**Task description:**
The expected response is the full listing, retyped exactly, without its images.

**Recorded data:**
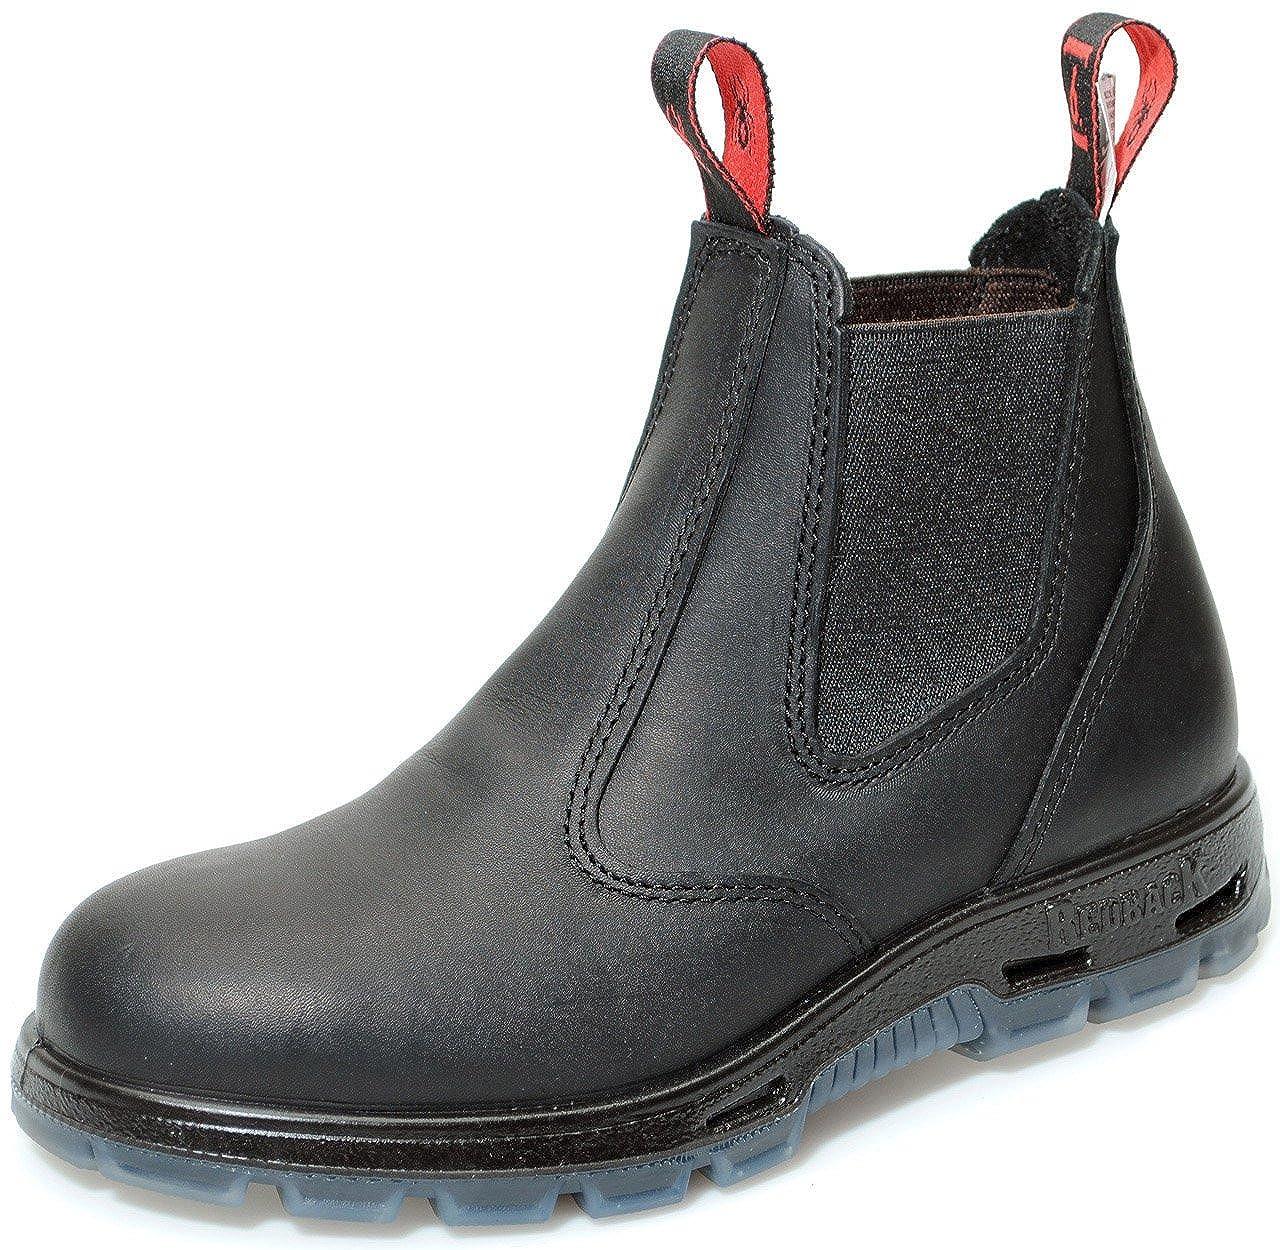 Redback USBBK Safety Work Boots aus Australien - mit Stahlkappe - Unisex | Black/Schwarz
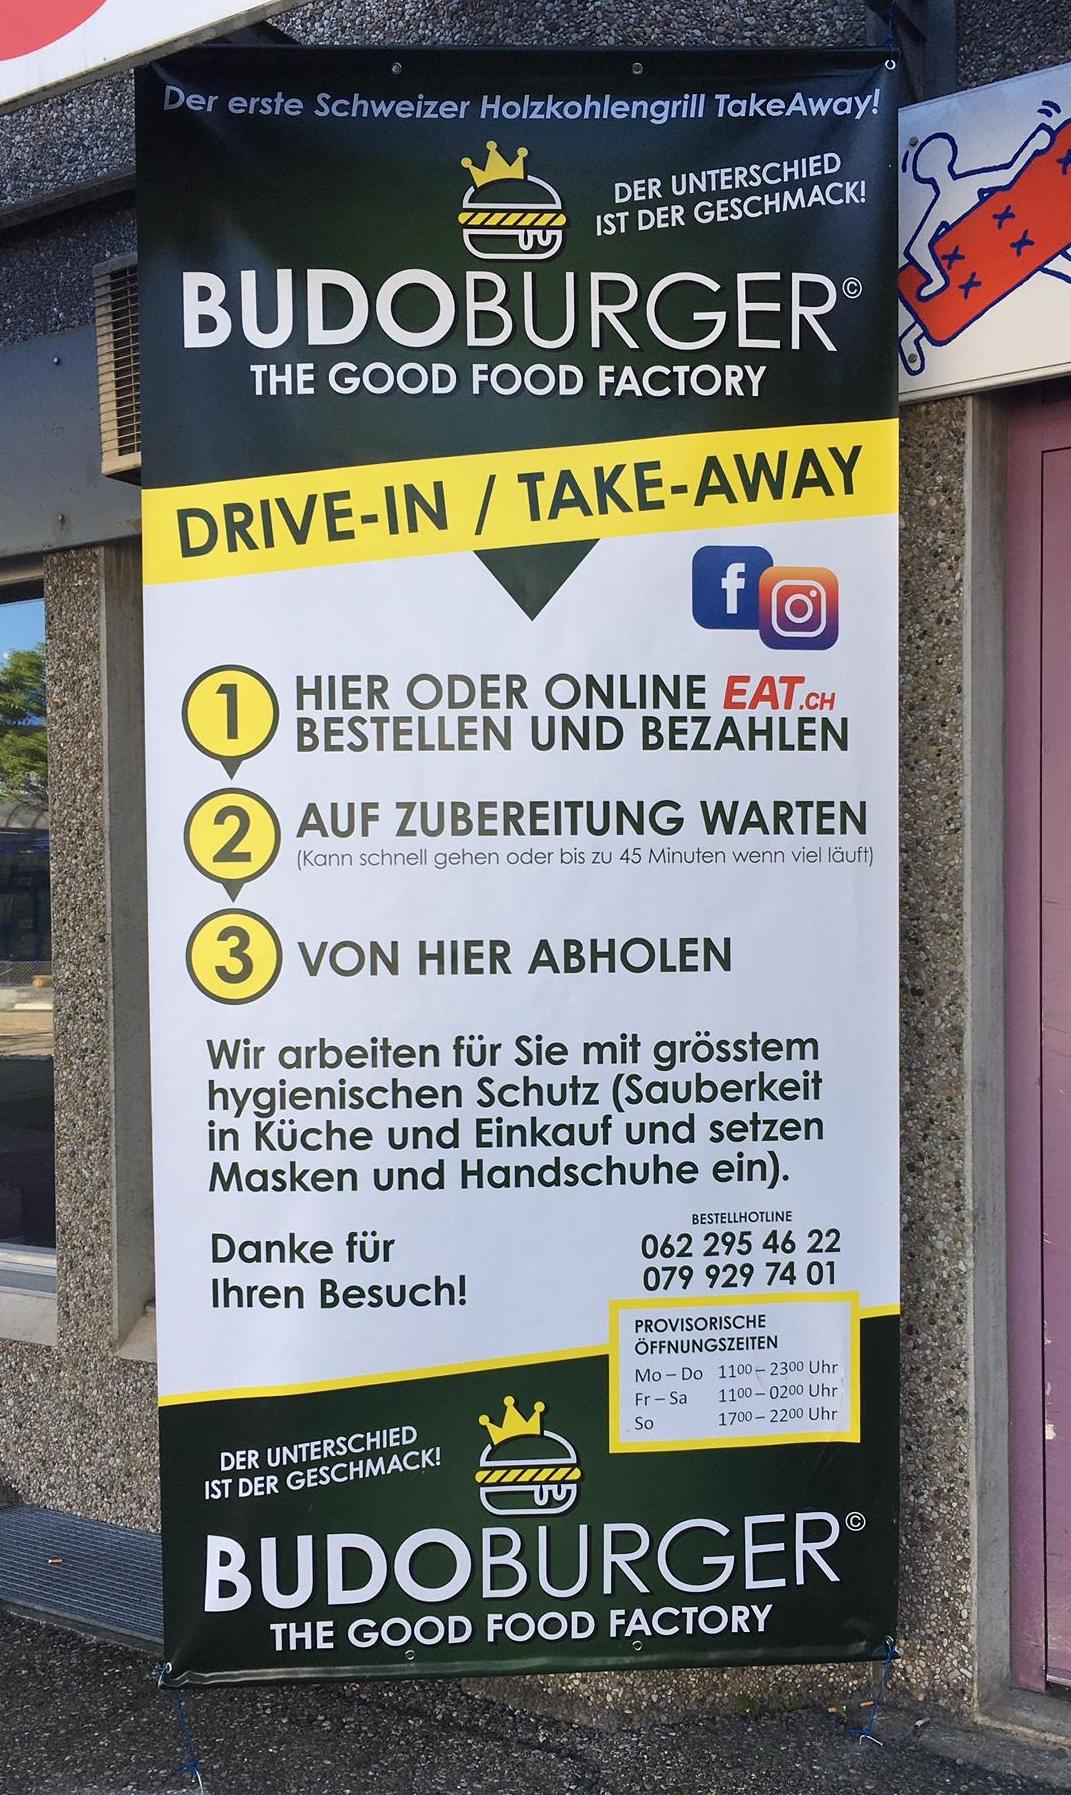 Der Lieferdienst und Take-Away aus Egerkingen Budo Burger
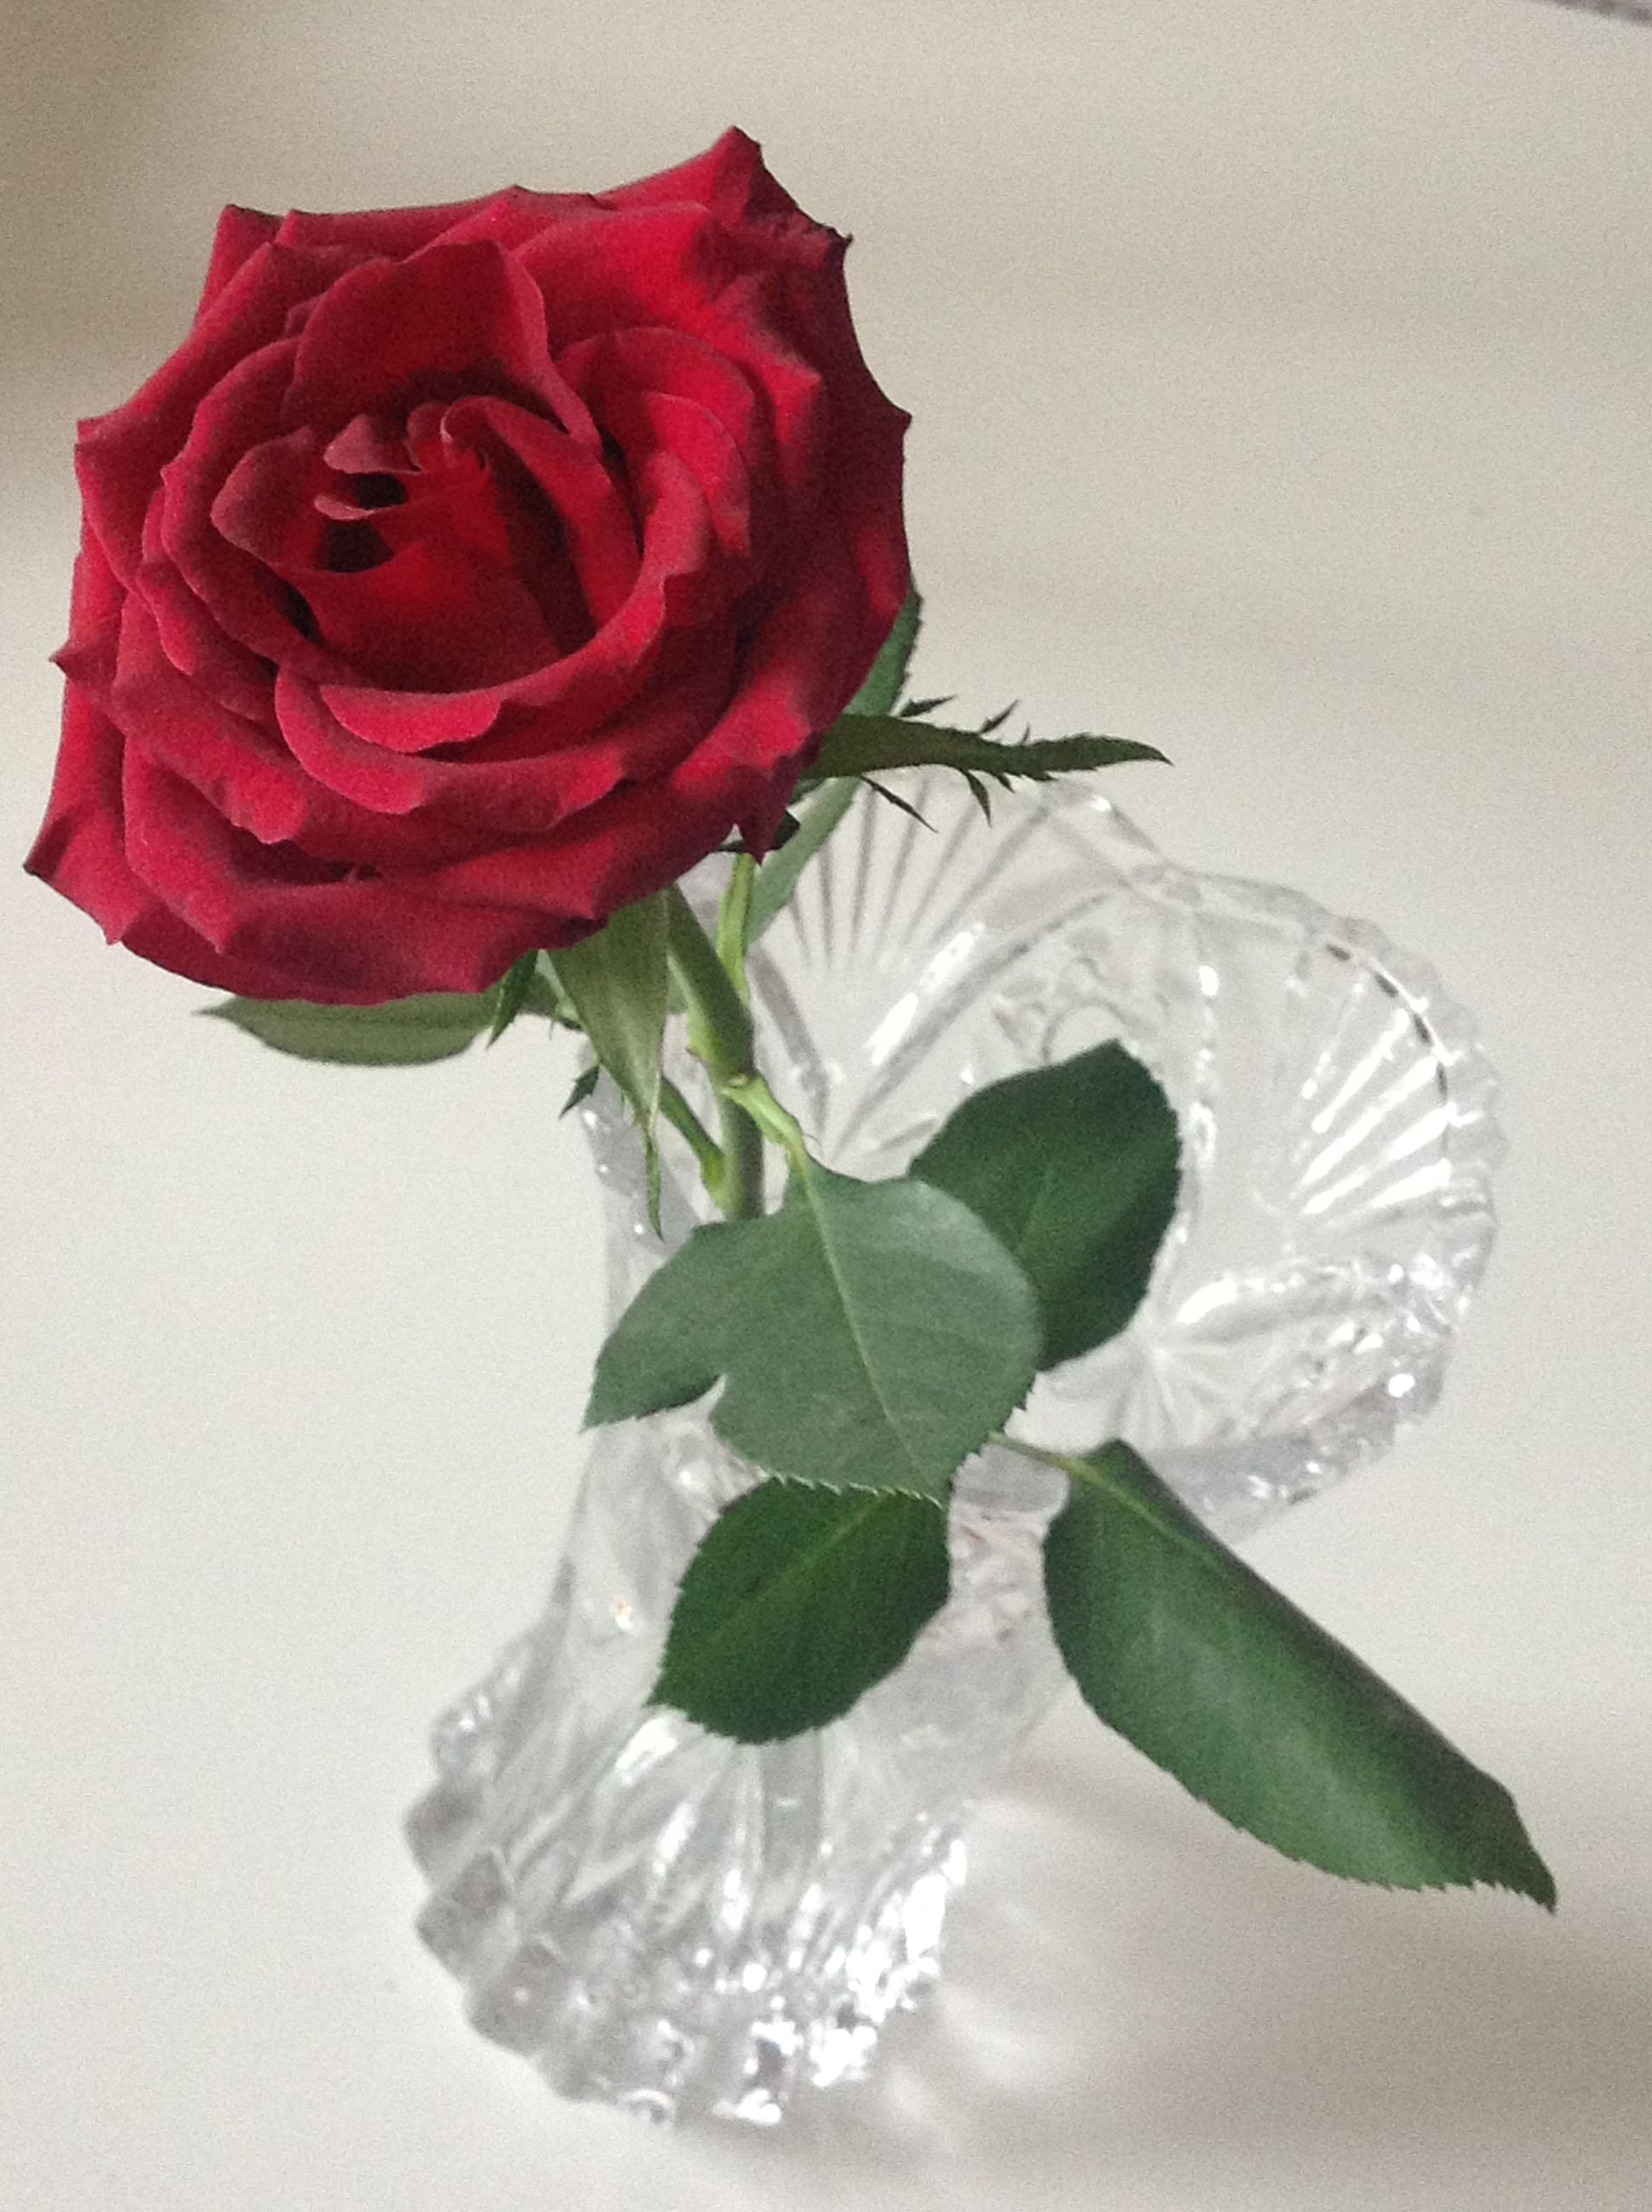 La rosa dell'amore

**Response to this exercise:**
 Redback USBBK Safety Work Boots aus Australien - mit Stahlkappe - Unisex | Black/Schwarz
 Der Lieferdienst und Take-Away aus Egerkingen Budo Burger
 La rosa dell'amore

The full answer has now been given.